SEA VALIENTE PARA HACER EL BIEN

30 mayo, 2023

Para asegurar que las elecciones estatales y presidenciales que ya se aproximan, sean realmente un florecimiento de la democracia y del espíritu humano, hemos de aprender a hacer el bien. Gracias a una auténtica valentía, el l valor reside en el término medio entre la cobardía y la temeridad. Por eso es preciso, acudir a los hechos.

 

Es necesarísimo aprender a no tener miedo y votar libremente por los candidatos de nuestra preferencia que, según nuestro juicio –y la experiencia-, sacarán al país adelante por su prudencia y rectitud de intención.

 

En vez de miedo, conviene que descubramos de nuevo el espíritu de la esperanza y la confianza, porque todos hemos dicho ya basta de corrupción. No conozco a nadie que afirme que está a favor de la corrupción. Hemos de abrirnos a la esperanza.

 

La esperanza no es un optimismo vacío que nace de la confianza ingenua de que el futuro será necesariamente mejor que el pasado. La esperanza y la confianza son las premisas de una actitud responsable, y se nutren en el santuario interno de nuestra conciencia, en la que cada uno está a solas con Dios.

 

“Cada criatura, al nacer, nos trae el mensaje de que Dios todavía no pierde la esperanza en los hombres” (Rabindranath Tagore).

 

La política no puede ignorar la dimensión espiritual y trascendente de la experiencia humana y nunca podría hacerlo sin herir la causa del nombre y la libertad humana.
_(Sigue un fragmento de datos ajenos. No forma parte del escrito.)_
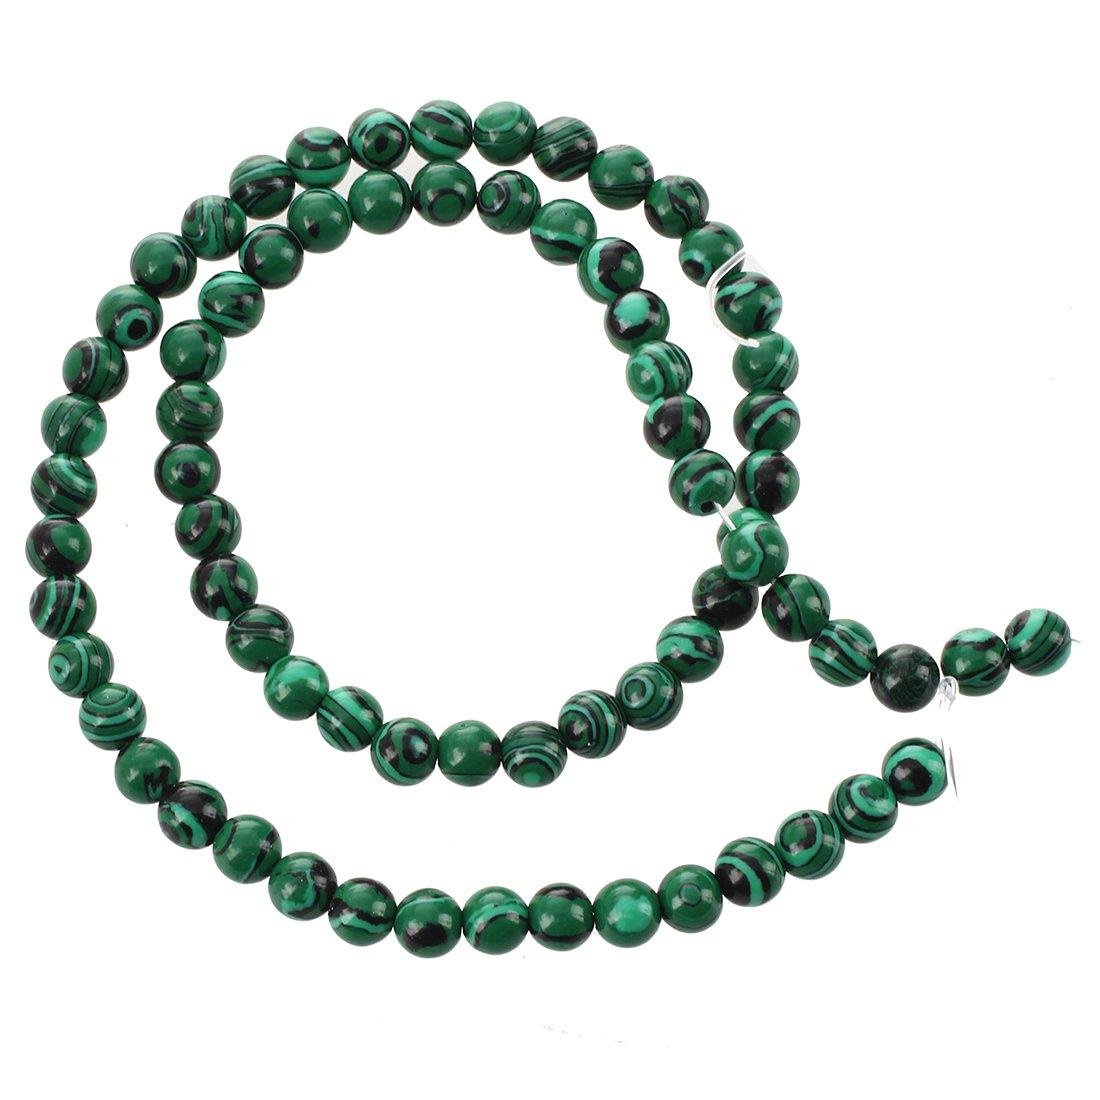 SODIAL(R) Malachite Gemstone Stone Round Loose Beads 6mm Strand HOT 019085
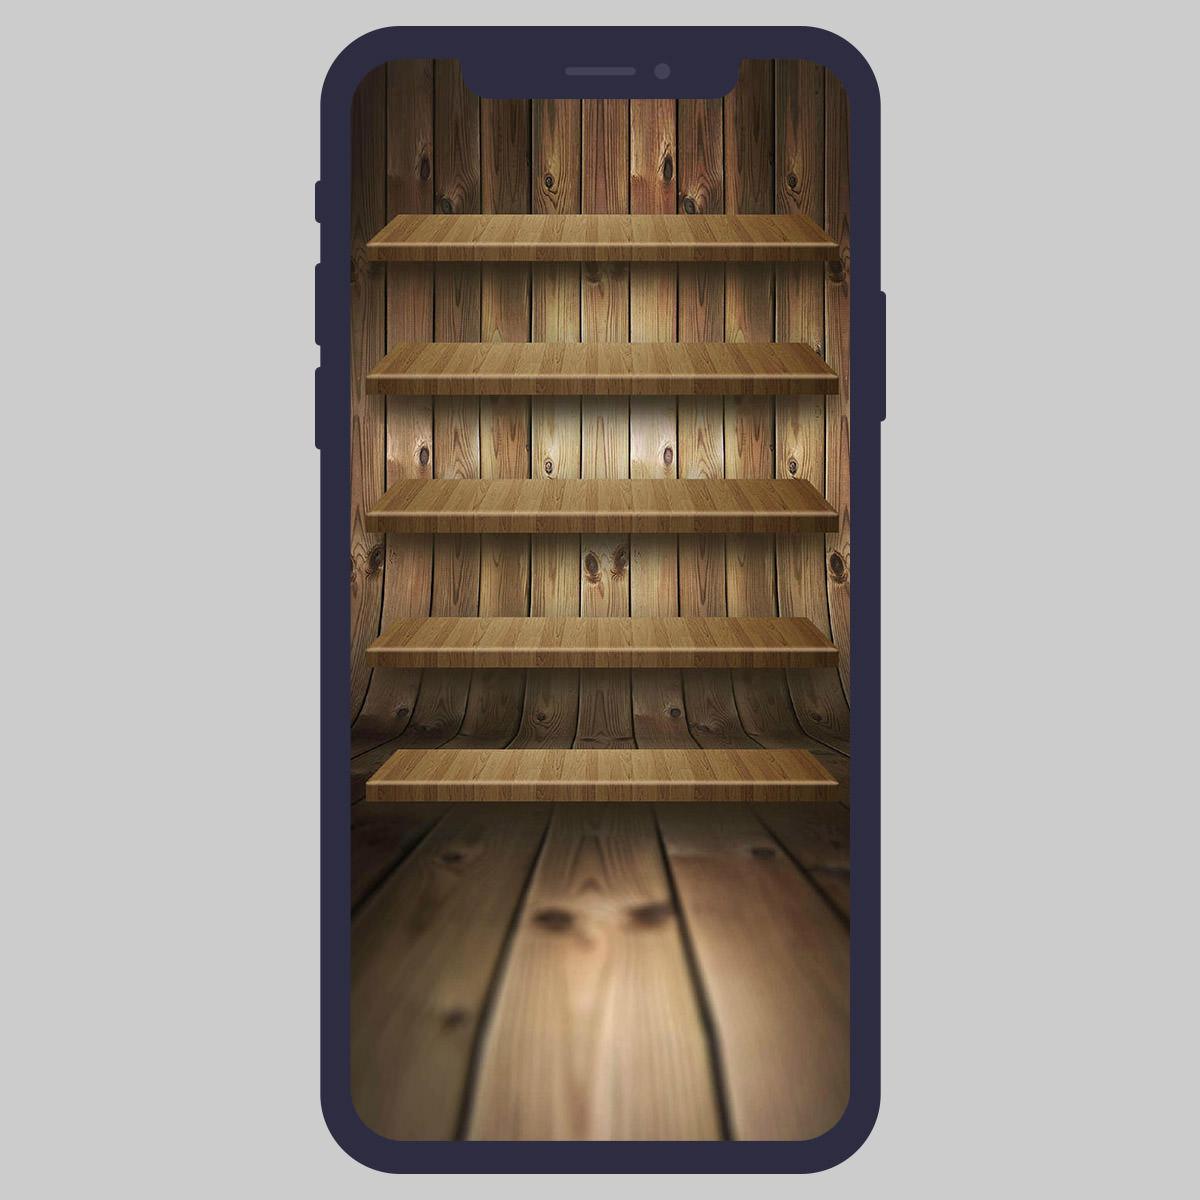 iphone shelves wallpaper

Cualquier cosa que reduzca la aspiración del hombre hacia la divinidad, perjudica la causa de la libertad.

 

Para recuperar la esperanza y la confianza en nuestro México, es indispensable recobrar la perspectiva de que ese horizonte trascendente de posibilidades y valores humanos requiere ser una aspiración –no mera ilusión- de sus habitantes, que se concrete en hechos.

 

Es inútil todo afán de superación, si no hay esperanza de que resulte provechoso. “Más vale buena esperanza que ruin posesión” (Miguel de Cervantes).

 

San Juan Pablo II escribió: “La fe en Cristo no nos impulsa a la intolerancia. Por el contrario, nos obliga a comprometer a los demás en un diálogo respetuoso. El amor de Cristo no nos distrae de los intereses de los demás sino más bien nos invita a asumir la responsabilidad por ellos, a no excluir a nadie y, ciertamente, en caso necesario, a preocuparnos de manera especial por los más débiles y por los que sufren. Yo soy testigo de la dignidad humana, de la esperanza, de la convicción de que el destino de las naciones se encuentra en las manos de una Providencia misericordiosa”. Estas palabras de san Juan Pablo II, nos pueden orientar a aprender a eliminar el miedo.